Membrane topology, glycosylation site predictions, and three-dimensional (3D) structure mapping.
The membrane protein topology for MERS-CoV nsp3 and nsp4 was predicted by using TMHMM (http://www.cbs.dtu.dk/services/TMHMM/) (41). N-Glycosylation sites were predicted with NetNGlyc (http://www.cbs.dtu.dk/services/NetNGlyc/), a program that uses artificial neural networks to examine the sequence context of Asn-X-Ser/Thr motifs.
Sites were mapped onto structures using PyMOL (PyMOL molecular graphics system, version 22.214.171.124; Schrödinger, LLC).
nsp3 in ORF1a is a major selection target in betaCoVs.
Lineage C of betaCoVs includes two bat species closely related to MERS-CoV, namely, Ty-BatCoV HKU4 and Pi-BatCoV HKU5, isolated from the lesser bamboo bats (Tylonycteris pachypus) and Japanese pipistrelles (Pipistrellus abramus), respectively (4). Additional viruses belonging to lineage C of betaCoVs have been described to occur in bats (BtCoV/133 and BtVs-BetaCoV/SC2013) and hedgehogs (hedgehog coronavirus [EriCoV]) (20, 42,–44). Recently, a virus belonging to the same species as MERS-CoV was isolated in Neoromicia bats (NeoCoV) (45). To investigate the evolutionary history of ORF1a, we obtained sequence information for these viruses and for 6 MERS-CoV strains isolated from either humans or camels and belonging to the major groups described to date (46) (Fig. 1). The sequence alignment was pruned of unreliably aligned codons (see Materials and Methods), a procedure that resulted in the masking of almost the entire acidic domain in nsp3. Indeed, this region was previously shown to be highly divergent among CoVs (47). We next analyzed the alignment for the presence of recombination breakpoints using GARD (genetic algorithm recombination detection) (28) and GENECONV (29). No evidence of recombination was detected.

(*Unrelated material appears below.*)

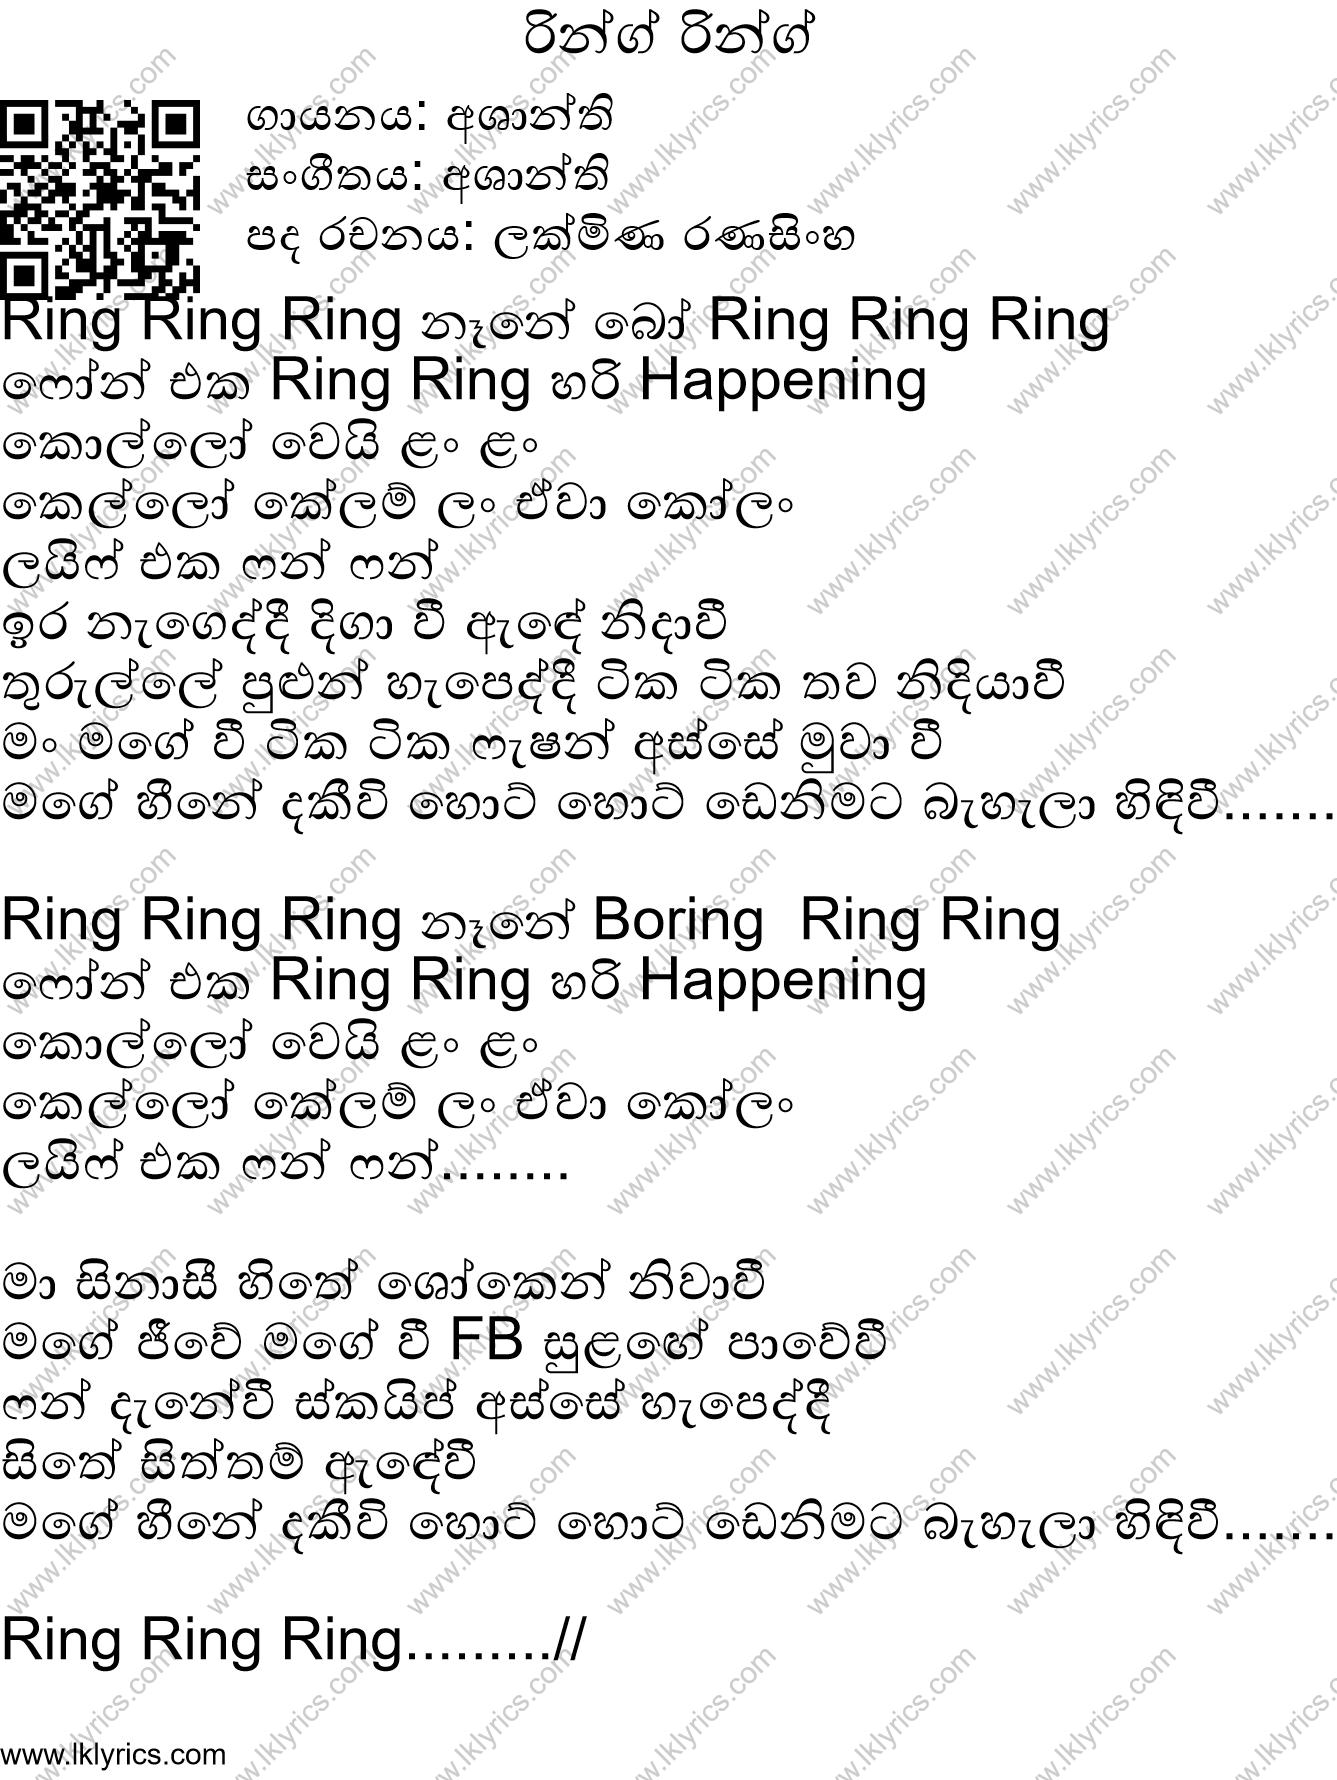 Ring Ring Ring නෑනේ බෝ Ring Ring Ring ෆෝන් එක Ring Ring හරි Happening කොල්ලෝ වෙයි ළං ළං කෙ...

Maximum likelihood phylogeny for nsp3 sequences in a subset of isolates representing MERS-CoV major groups. The amino acid alignment of the region surrounding the two positively selected sites (magenta) in MERS-CoV isolates is also shown. Asterisks indicate viruses isolated from dromedary camels.
Positively selected sites in the context of betaCoV biology.
To shed light on the functional role of selected sites, we exploited available structural, genetic, and biochemical data for nsps (mainly obtained for SARS-CoV and MHV), as well as in silico prediction of transmembrane helices and glycosylation sites.
Most positively selected sites were located in nsp3 (Fig. 3A). In the PLpro domain, four of the positively selected sites, including two that are selected in the viral stains from the current MERS-CoV epidemic, were clustered in a spatially confined region opposed to the catalytic crevice. This region corresponds to the “palm” of the right-handed architecture of the protease, whereas three additional sites are located on the “fingers” (Fig. 3A). One of these three surface-exposed sites, Q830, is part of a noncanonical nsp5 cleavage site, unique for MERS-CoV, that could contribute to the formation of new cleavage products (48) (Fig. 3A).